● Provided data:

■ ■ ■ ■

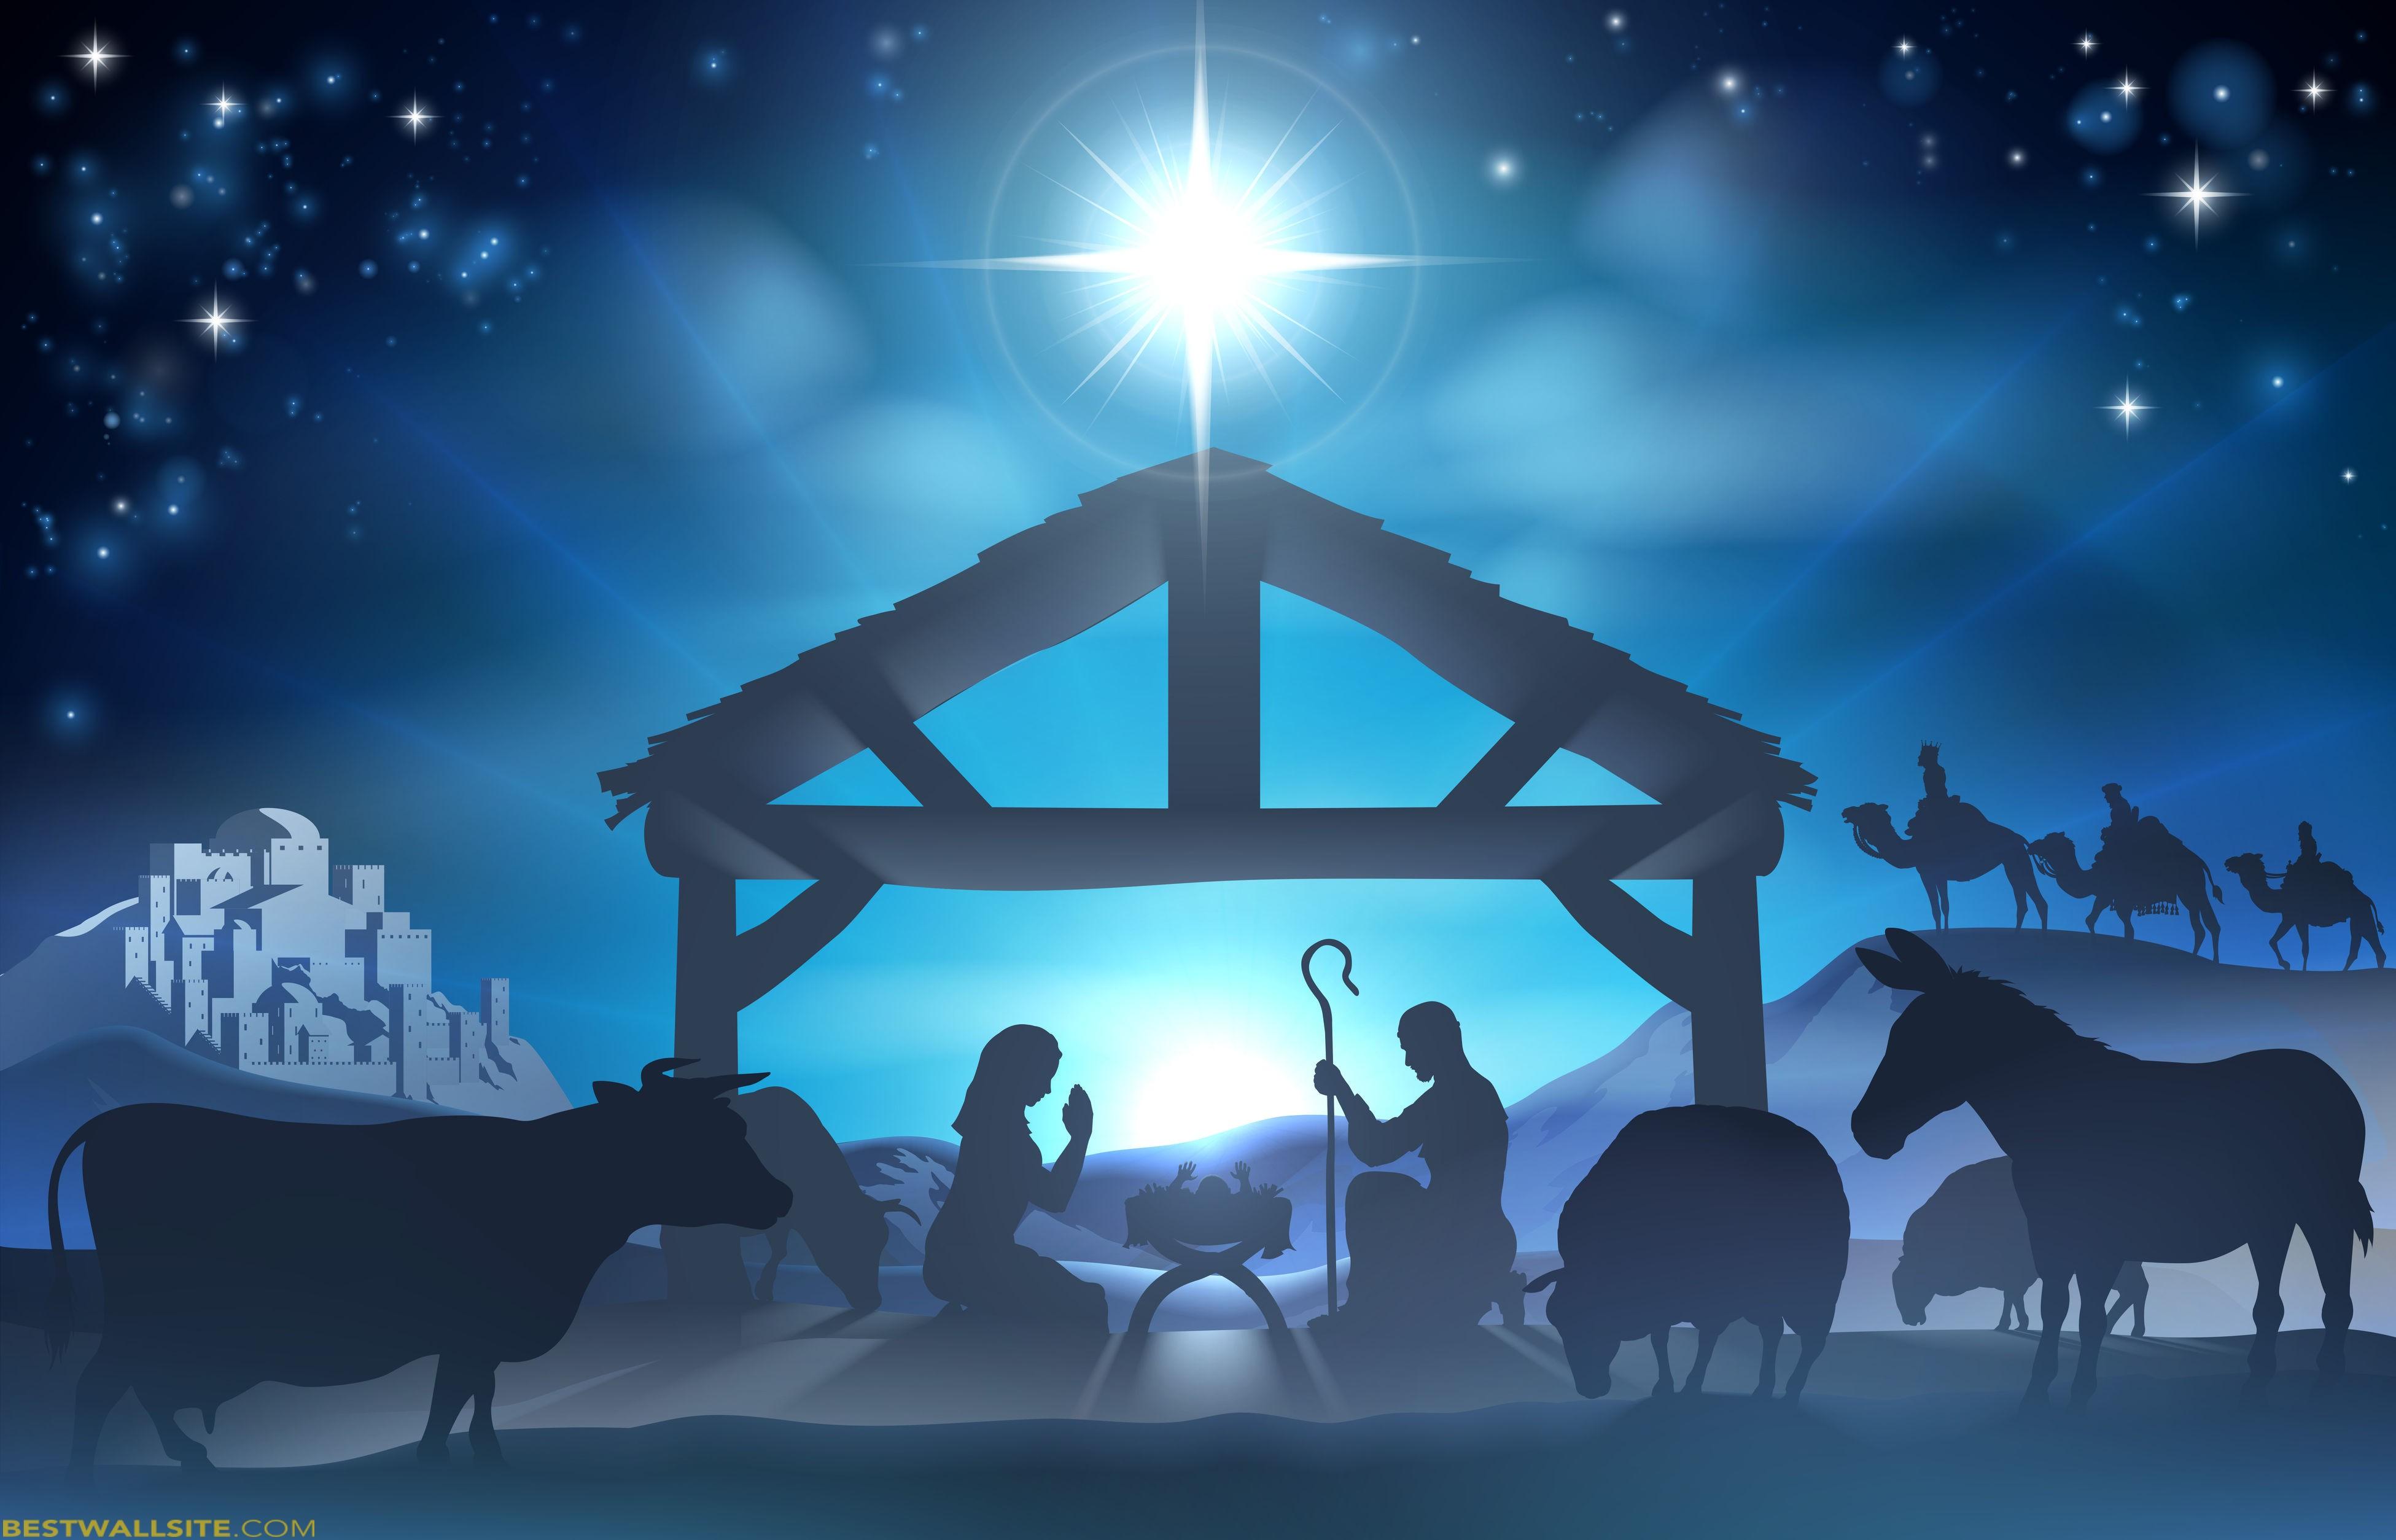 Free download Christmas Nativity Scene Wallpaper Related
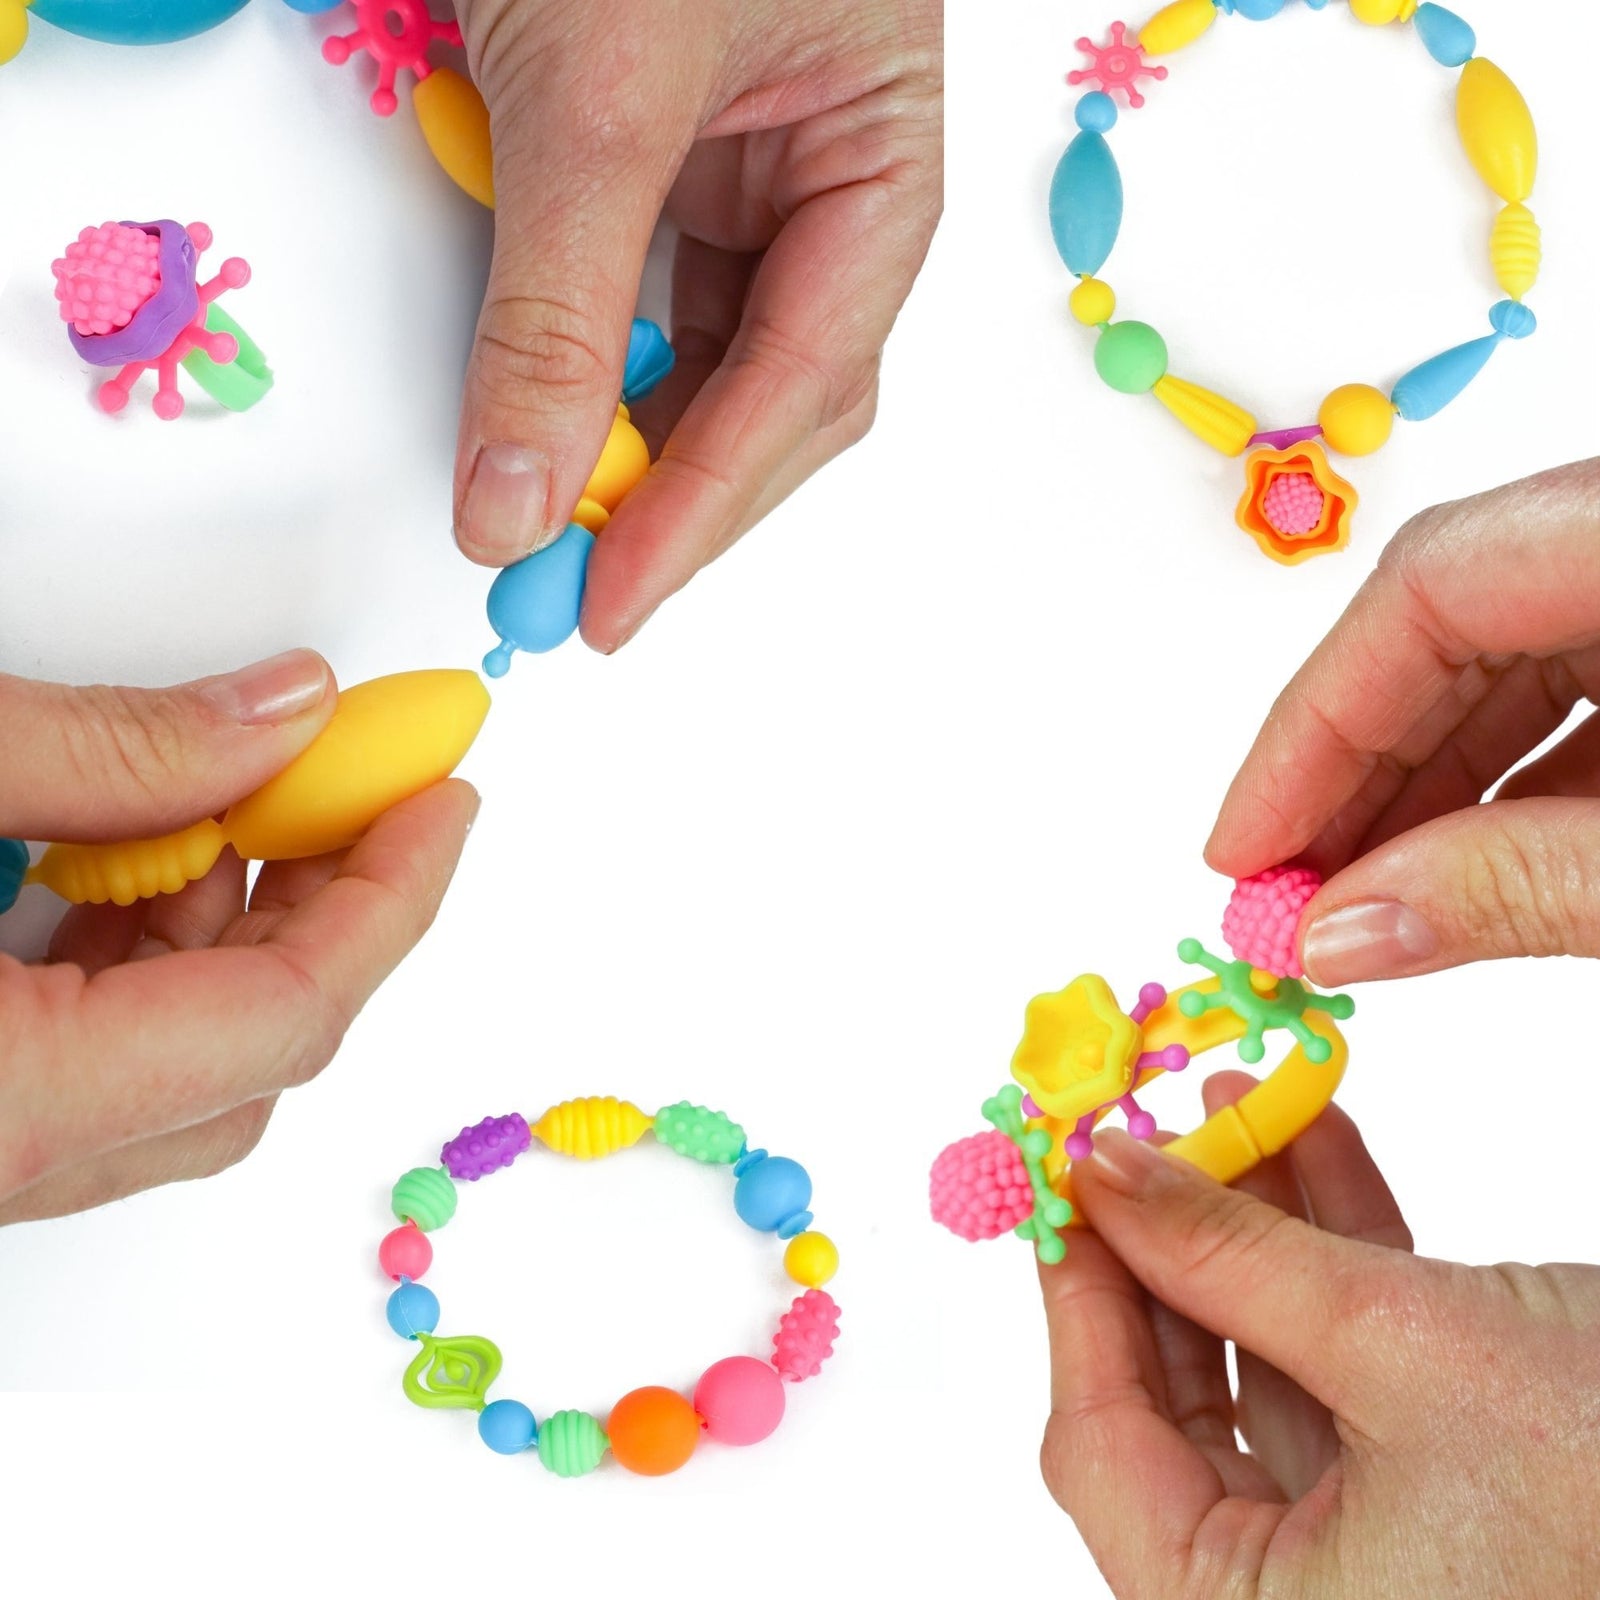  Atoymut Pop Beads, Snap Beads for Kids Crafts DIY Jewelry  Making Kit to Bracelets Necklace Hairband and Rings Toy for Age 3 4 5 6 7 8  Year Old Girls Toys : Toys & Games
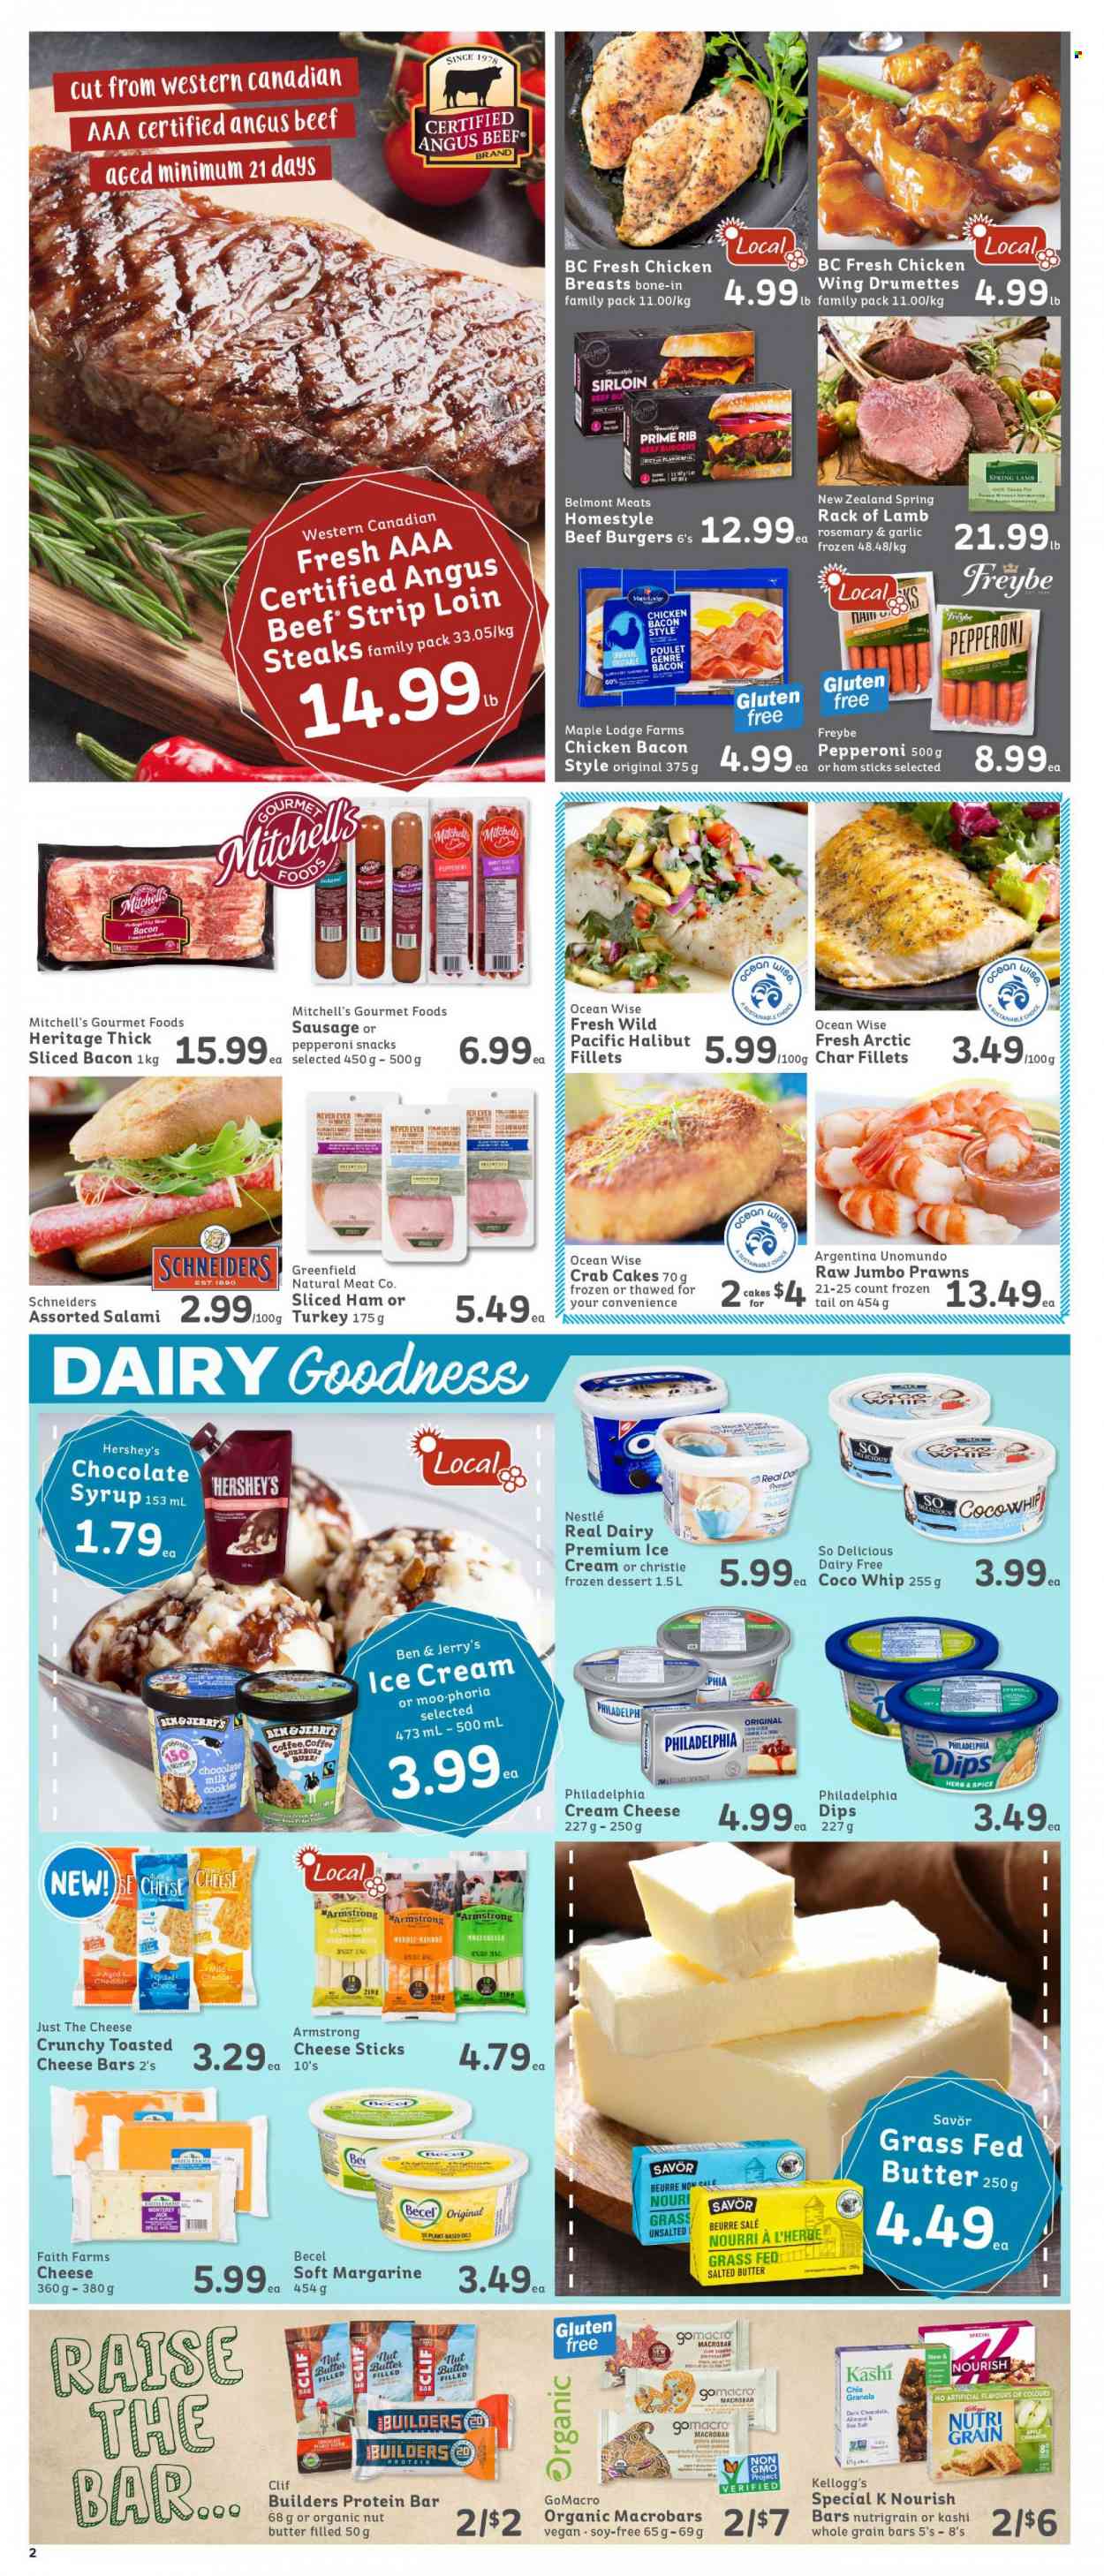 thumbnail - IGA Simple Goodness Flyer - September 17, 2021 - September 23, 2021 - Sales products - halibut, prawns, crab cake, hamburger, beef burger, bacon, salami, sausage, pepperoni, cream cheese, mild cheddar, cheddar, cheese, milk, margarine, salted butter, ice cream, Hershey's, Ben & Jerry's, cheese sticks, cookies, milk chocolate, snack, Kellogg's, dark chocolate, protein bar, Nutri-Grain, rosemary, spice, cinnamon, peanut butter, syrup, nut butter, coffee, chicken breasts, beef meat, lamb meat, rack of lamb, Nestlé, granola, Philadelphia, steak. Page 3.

■ ■ ■ ■

● Task directions:
Set down the data above verbatim, omitting every image.

● Exercise output:
 Free download Christmas Nativity Scene Wallpaper Related
  Atoymut Pop Beads, Snap Beads for Kids Crafts DIY Jewelry  Making Kit to Bracelets Necklace Hairband and Rings Toy for Age 3 4 5 6 7 8  Year Old Girls Toys : Toys & Games
 thumbnail - IGA Simple Goodness Flyer - September 17, 2021 - September 23, 2021 - Sales products - halibut, prawns, crab cake, hamburger, beef burger, bacon, salami, sausage, pepperoni, cream cheese, mild cheddar, cheddar, cheese, milk, margarine, salted butter, ice cream, Hershey's, Ben & Jerry's, cheese sticks, cookies, milk chocolate, snack, Kellogg's, dark chocolate, protein bar, Nutri-Grain, rosemary, spice, cinnamon, peanut butter, syrup, nut butter, coffee, chicken breasts, beef meat, lamb meat, rack of lamb, Nestlé, granola, Philadelphia, steak. Page 3.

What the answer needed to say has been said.